Suspicions were reinforced when Der Spiegel reported that internal auditors at VW were looking into allegations that Volkert and Schuster had been involved in a company that had been bidding to win a contract from Skoda. Schuster, who had already resigned in May, was being investigated by prosecutors on allegations he had received bribes from potential suppliers.
CEO Bernd Pischetsrieder immediately promised a full investigation of the allegations against other VW employees and complete cooperation with the judiciary. However, then the German economic magazine, Wirtschaftwoche, pitched in. It claimed that the Skoda bribery scandal had much wider implications and that Volkert's resignation was by no means the end of the affair. The magazine also claimed that certain politicians, including the former president of Lower Saxony, Sigmar Gabriel, and Schröder, were aware of the wrongdoings in the Skoda unit.
By 5 June, Deutsche Welle was reporting that the scandal was deepening, as accusations kept piling up. The company was also reportedly putting certain expansion plans on ice while rumours of further resignations abounded.
Amongst the new accusations was the claim that VW staff had set up a global network of six front companies to get supply contracts, and that former staff had sought "kickbacks" for work in India and Angola. German newspapers had been reporting that the scandal had caused VW chairman Bernd Pischetsrieder to postpone making a decision on the planned construction of a new factory in India, as well as an assembly plant in Angola.
Then, the German state of Lower Saxony called for investigators to get to the bottom of the allegations and VW called in auditors KPMG to review the matter. "There apparently was criminal energy at work and that's why it is very important that the audit runs parallel to the investigations of the Brunswick state prosecutor's office," said Lower Saxony economics minister, Walter Hirche, also a member of VW's supervisory board.
For Lower Saxony, the issue was doubly embarrassing as the länd owns around 18 percent of Volkswagen and now the magazine Wirtschaftswoche was claiming that the works council chief, Klaus Volkert was simply the "tip of the iceberg". More resignations - including that of VW's head of personnel and overseer of the German government's economic reforms, Peter Hartz - would follow.
Joining in the fray came Reuters, citing VW as declining to discuss a report by Germany's Sueddeutsche Zeitung that the company for years had offered improper inducements to senior labour representatives in return for their support on key issues.
Then The Financial Times Deutschland came into play, citing a "press source" claiming that Peter Hartz had ordered a budget to be allocated to the works council, partly for business travel, but that use of the budget had not been controlled. The newspaper Sueddeutsche Zeitung was more graphic, accusing Volkswagen's management board of paying for "pleasure trips" to Brazil and other countries, which included visits to prostitutes, for the leaders of the works council.

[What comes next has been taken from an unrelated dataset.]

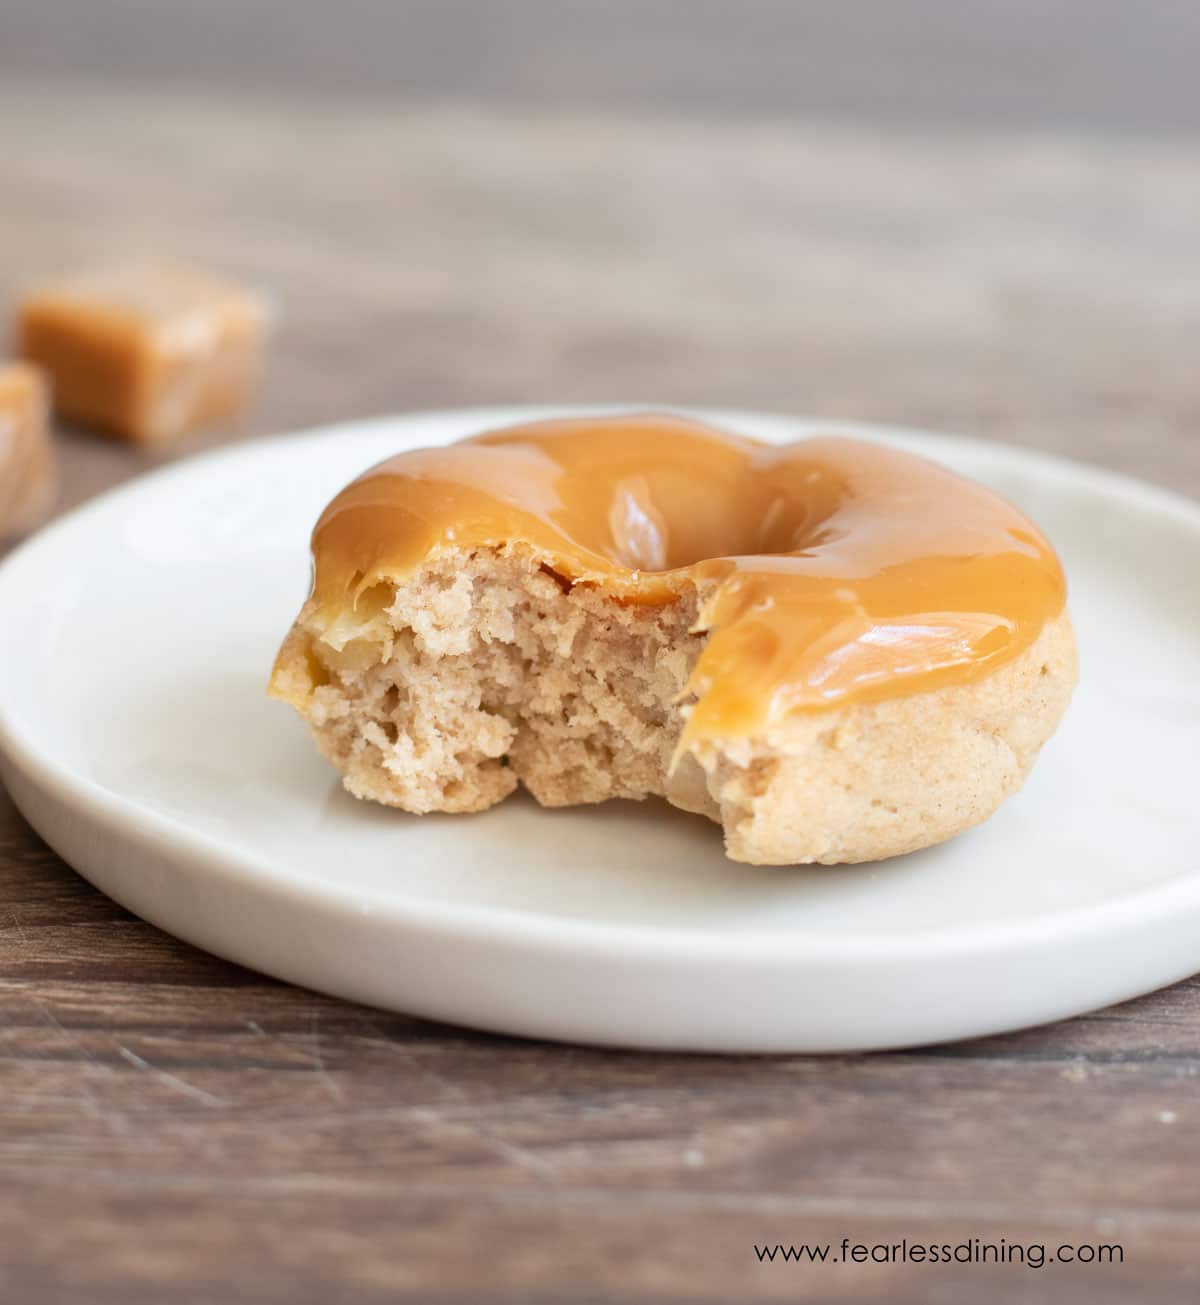 A caramel apple donut on a plate with a bite taken out.

Hartz was reported to have clearly instructed the human resources department to support works council head Klaus Volkert in the organisation of foreign travel, and not to examine whether the journeys were necessary for the functions of the works council. A management source has said that, furthermore, this budget "was not controlled subsequently in the course of the provision of accounts."
Coming right up to date, Die Welt is reporting that German prosecutors are focusing their attention on a VW plant project in India, suggesting that an unnamed VW employee received about €3 million from the Indian city of Visakhapatnam in the province of Andra Pradesh, where VW had planned to set up a factory for trucks and buses. At that time, the province was one of several competing as a site for the VW project, the newspaper said.

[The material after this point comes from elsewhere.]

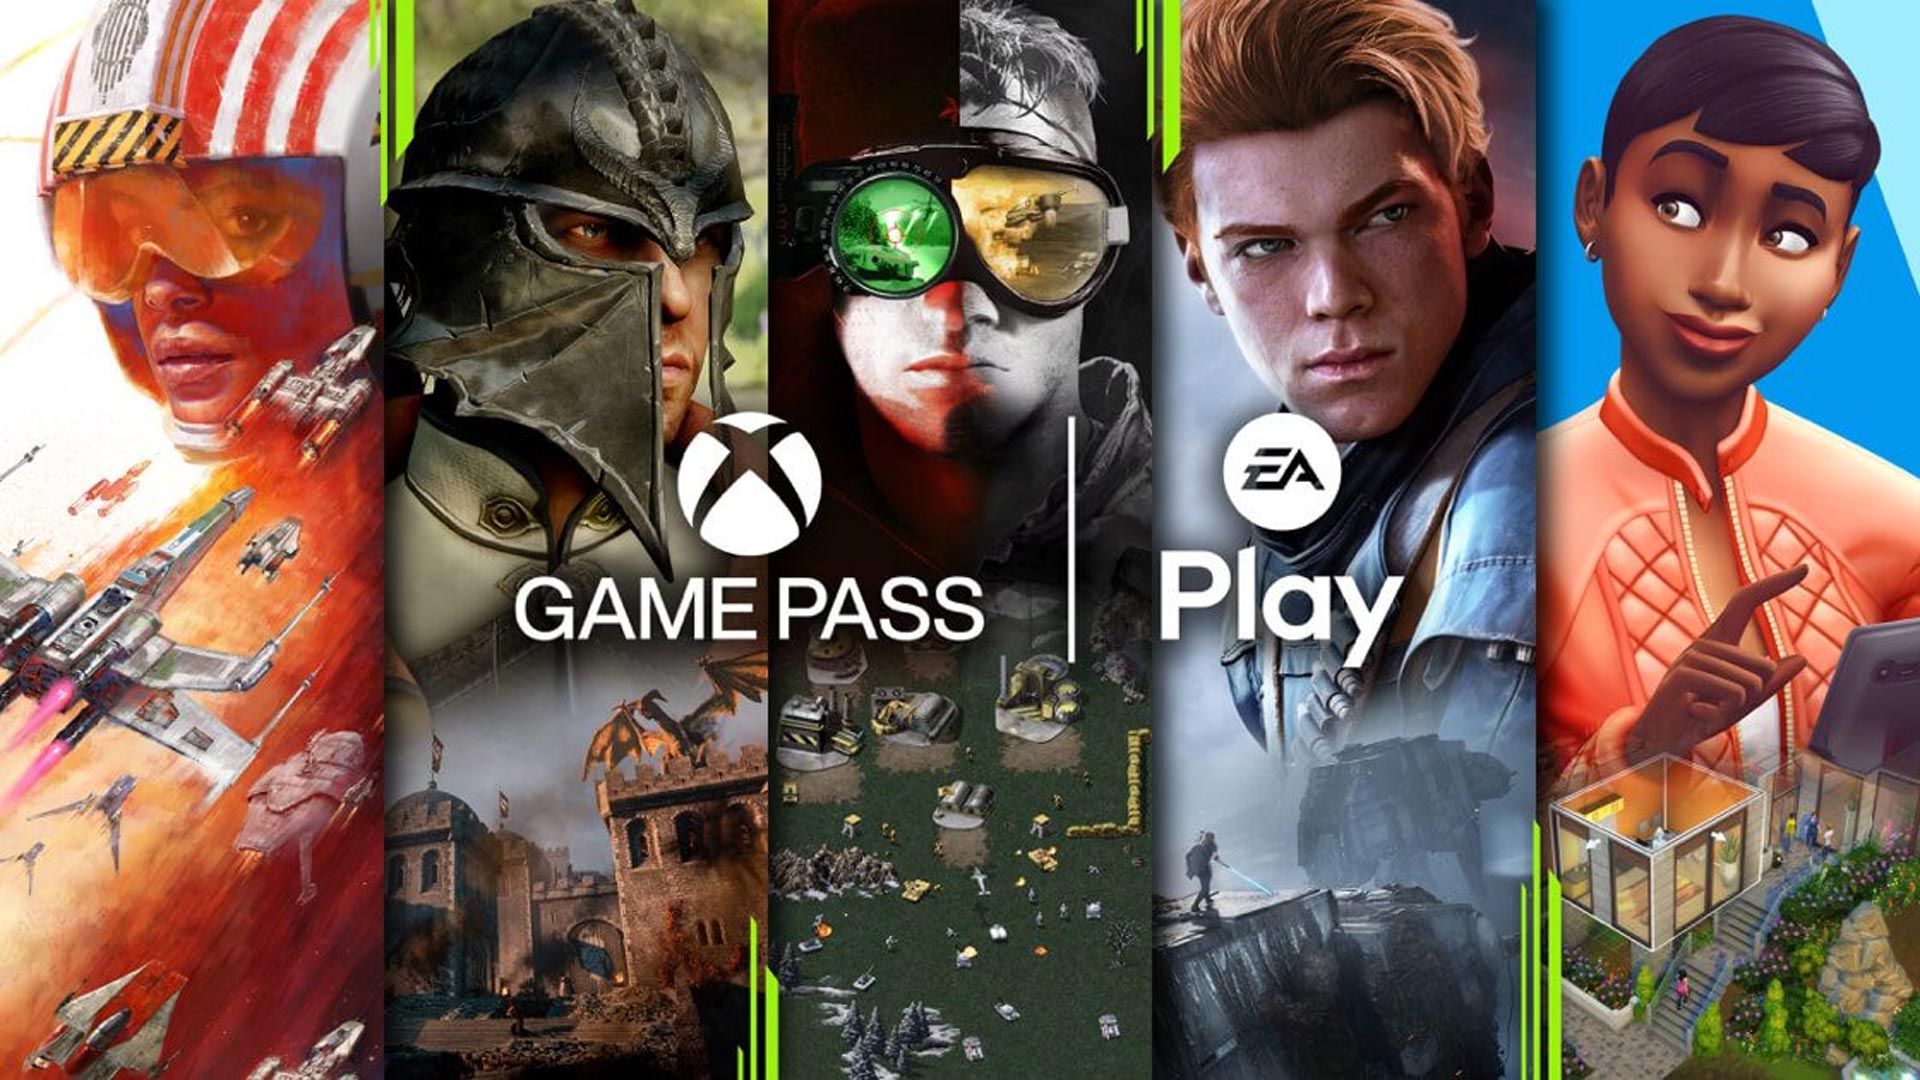 is ea play included with game pass pc

This had the New York Times (from this site), reminding us that Schröder had once sat on Volkswagen's supervisory board and, with the company "up to its axles in a bribery and corruption scandal", this could harm the chancellor's election plans.
Not least, the "VW affair" has become fodder in Germany's heated political debate with the Christian Democrats seizing on the issue as typifying Germany's dangerously outdated industrial policies. Whether true or not, the scandal is set to dominate the headlines in Germany for months to come, right into the autumn when the German general election is expected to be held.